Hello, friends,
Back in 2000, a dot-com startup called DoubleClick came up with a bright idea: It was going to combine the information it gleaned from tracking users across the web with the names and email addresses of people whose information it had purchased from mailing lists.
The public outrage was swift and furious. The Federal Trade Commission and the New York State attorney general each launched investigations. The state of Michigan filed a lawsuit. Business Week compared DoubleClick’s move to George Orwell’s surveillance state in an editorial titled “1984 in 2000.”
After DoubleClick’s stock plunged, the company backed away from its plan. It hired a chief privacy officer, pledged to do privacy audits, and promised the FTC that it would not merge its so-called “clickstream” data with personally identifiable information.
“We’re making the commitment that until there is agreement between government and industry on privacy standards, we will not link personally identifiable information with anonymous Web behavior,” the CEO at the time, Kevin O’Conner, told The Wall Street Journal.

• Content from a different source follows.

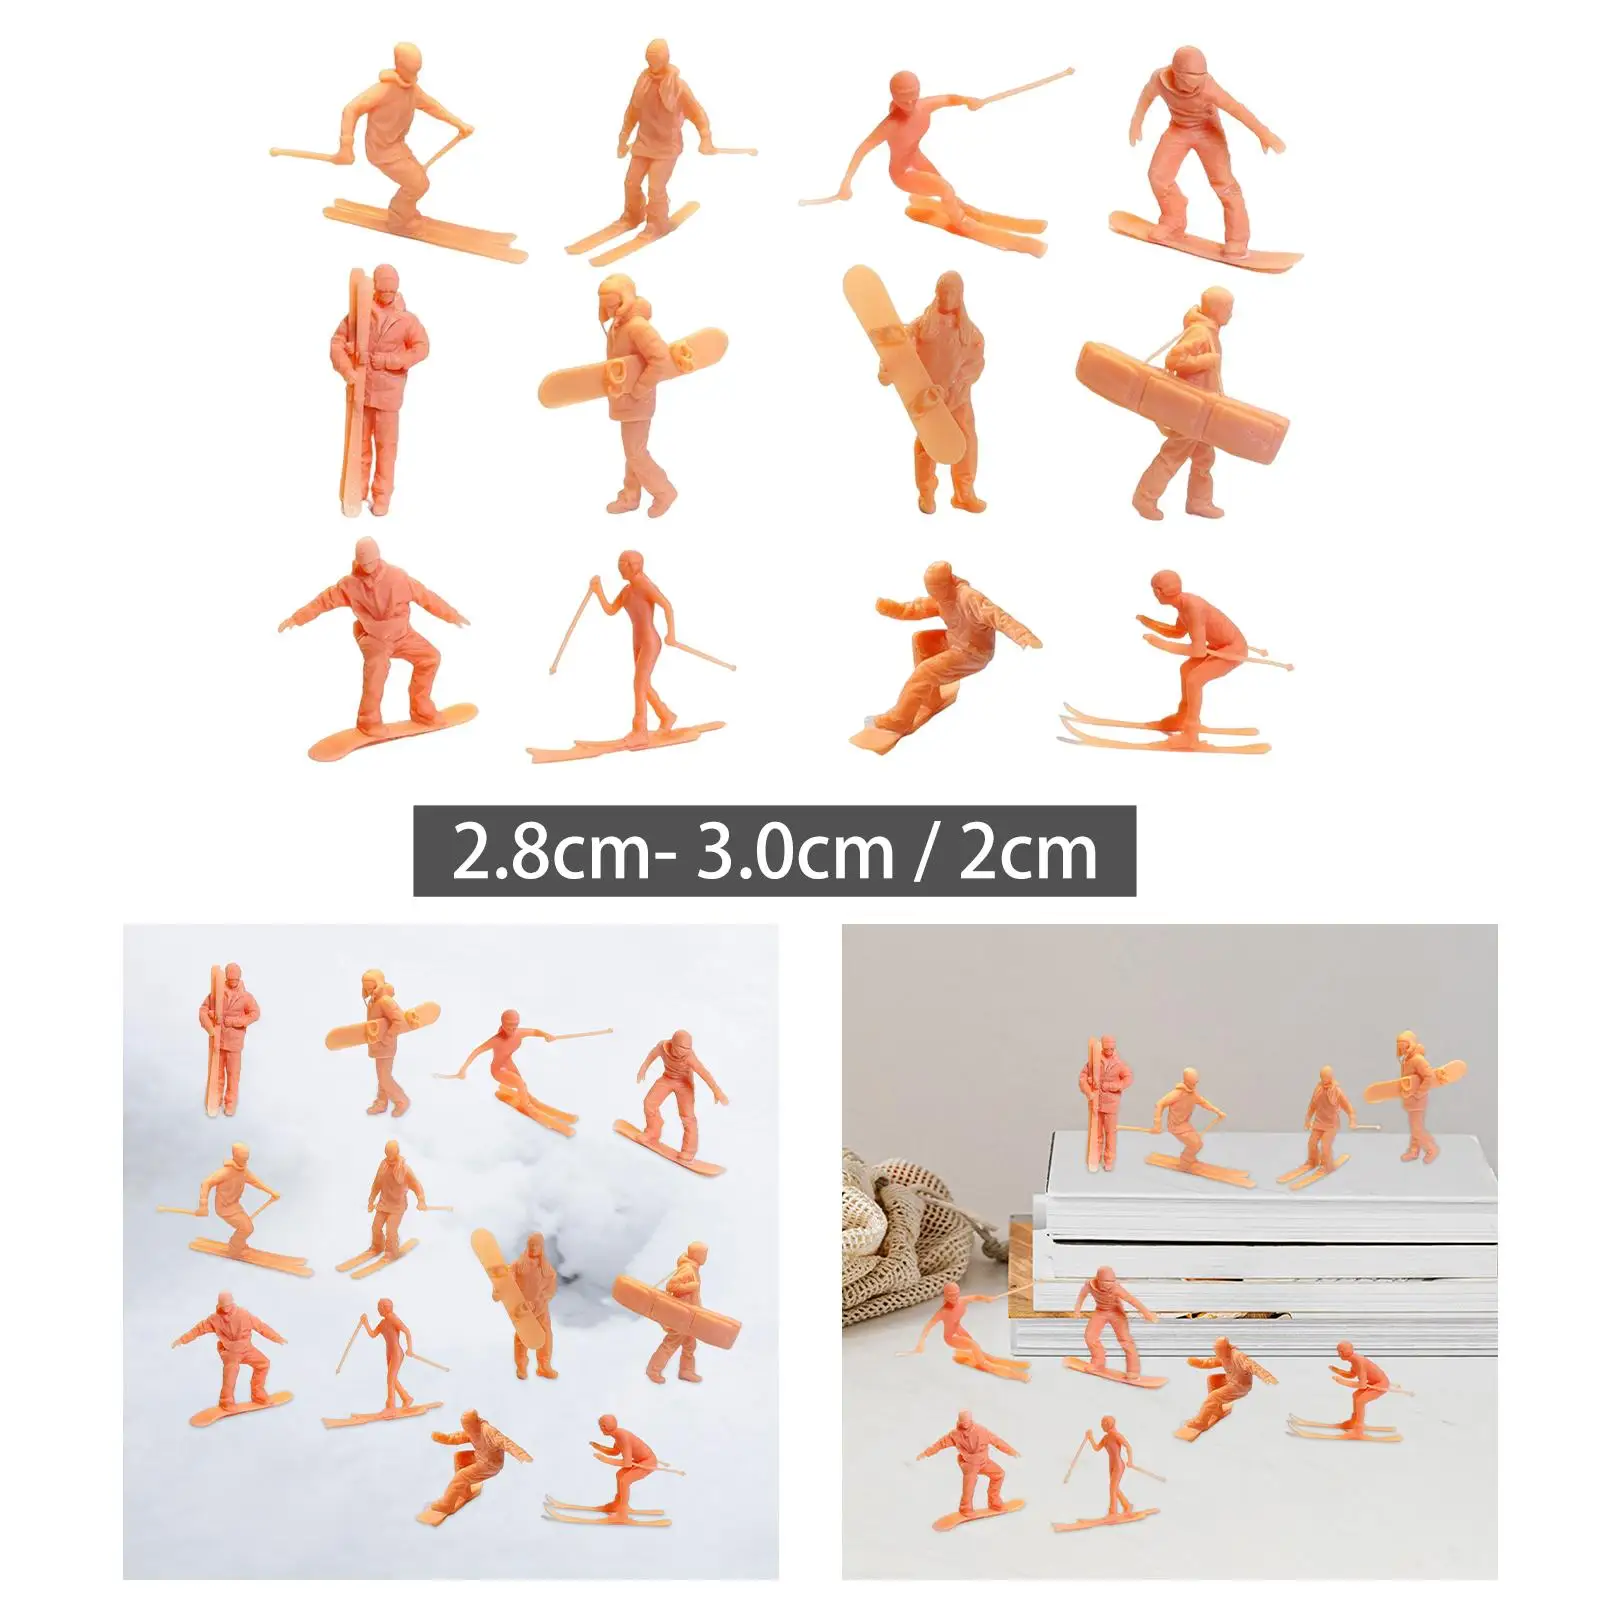 Realistic Skiing Figures Fairy Garden Toy Doll Model Small Statue for Architecture Model Garden DIY Miniatures Desk Decoration

Since then, the hundreds of companies in the online advertising industry have generally steered clear of being too aggressive in linking online web browsing behavior with actual names. Most online ad tracking companies just know which websites you’ve been to—based on “cookies” they place on your computer—but don’t know your actual name.

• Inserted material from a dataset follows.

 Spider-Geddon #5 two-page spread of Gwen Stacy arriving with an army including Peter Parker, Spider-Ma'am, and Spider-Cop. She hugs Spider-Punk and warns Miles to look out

Not Facebook, though. When Facebook began placing “Like” buttons and other widgets on sites beyond Facebook, it was the first massive online advertising company that knew the name of nearly every user who stumbled across one of its widgets. At first, Facebook said it was not collecting data from users across the web, but it eventually admitted it was. And it was even tracking users if they merely visited webpages—the user didn’t have to click on the Like button to send data to Facebook or even have a Facebook account.

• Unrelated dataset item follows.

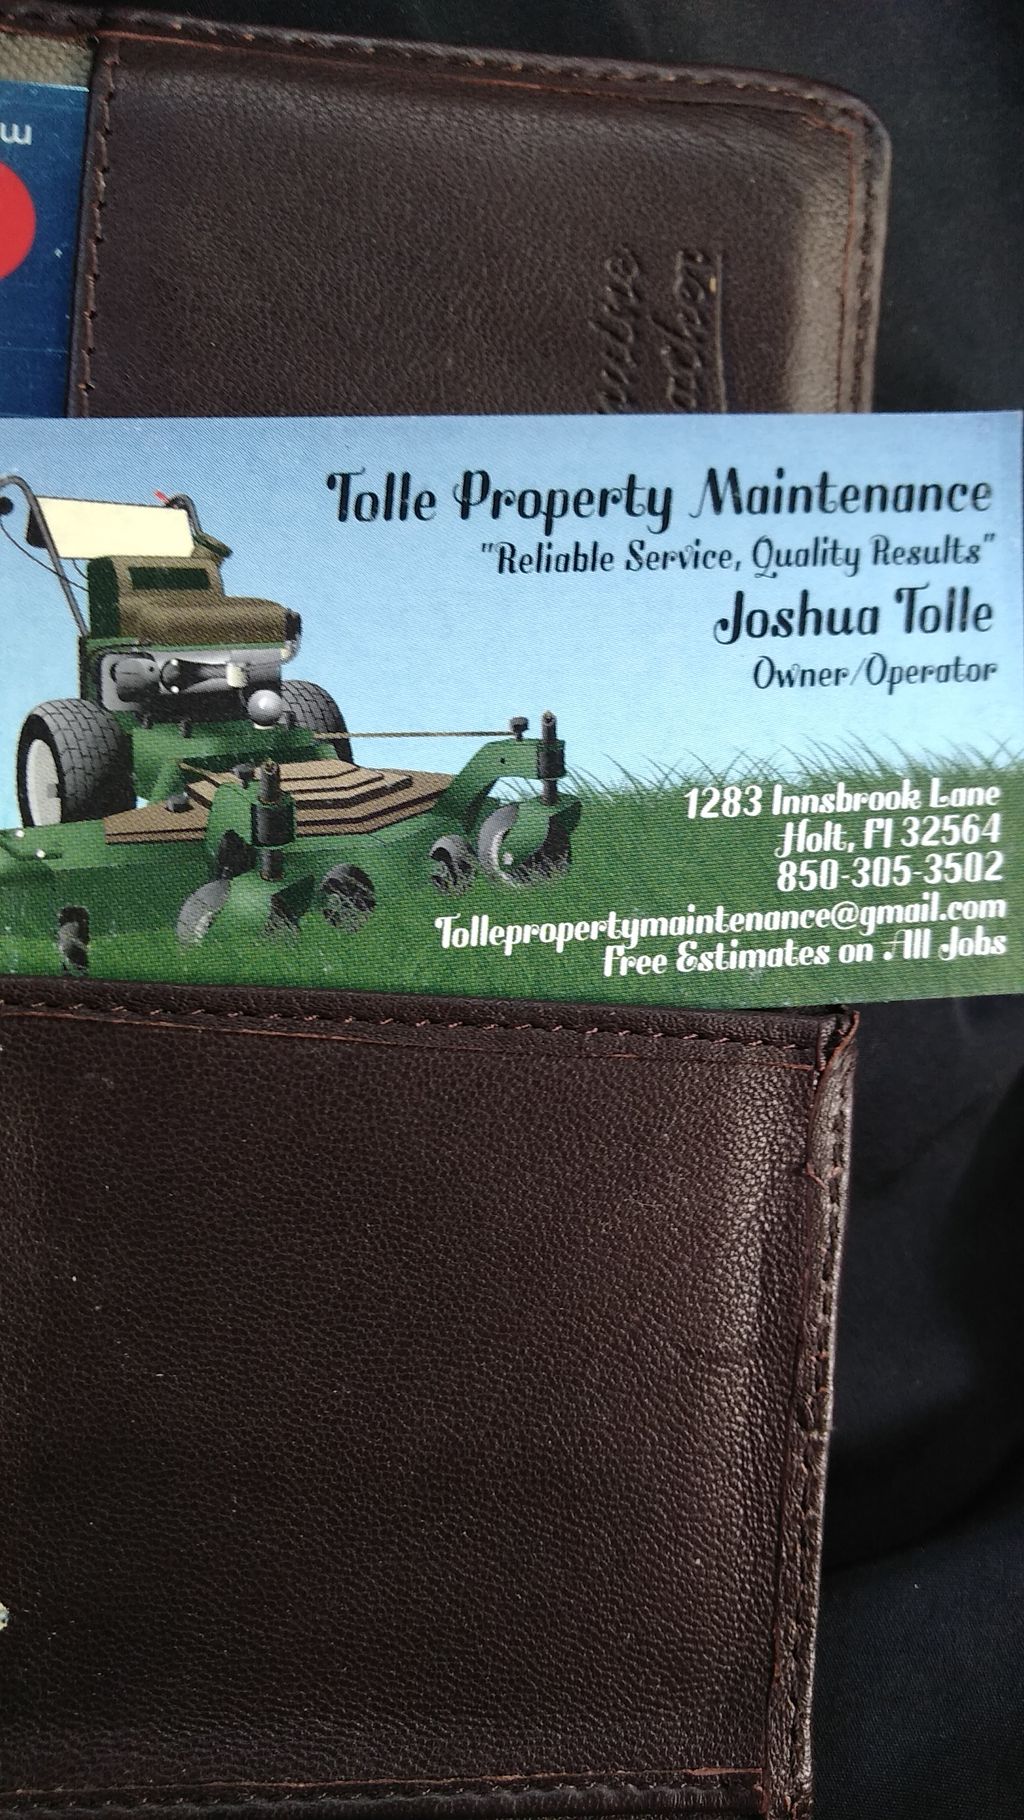 Tolle Property Maintenance

Now, however, Facebook has replaced the Like button with tracking technology that’s even less visible. Meta, Facebook’s parent company, now uses technology it calls a “pixel”—a snippet of computer code that websites embed on their pages—that sends data back to Facebook. Unlike the Like button, it is invisible to users, and so most people are unaware that their data is being collected. What’s even less clear is what data Facebook is collecting on any given site. To get a better idea, The Markup partnered with Mozilla to conduct the first large-scale crowdsourced study of the presence of the pixel and the data it collects in real-world scenarios.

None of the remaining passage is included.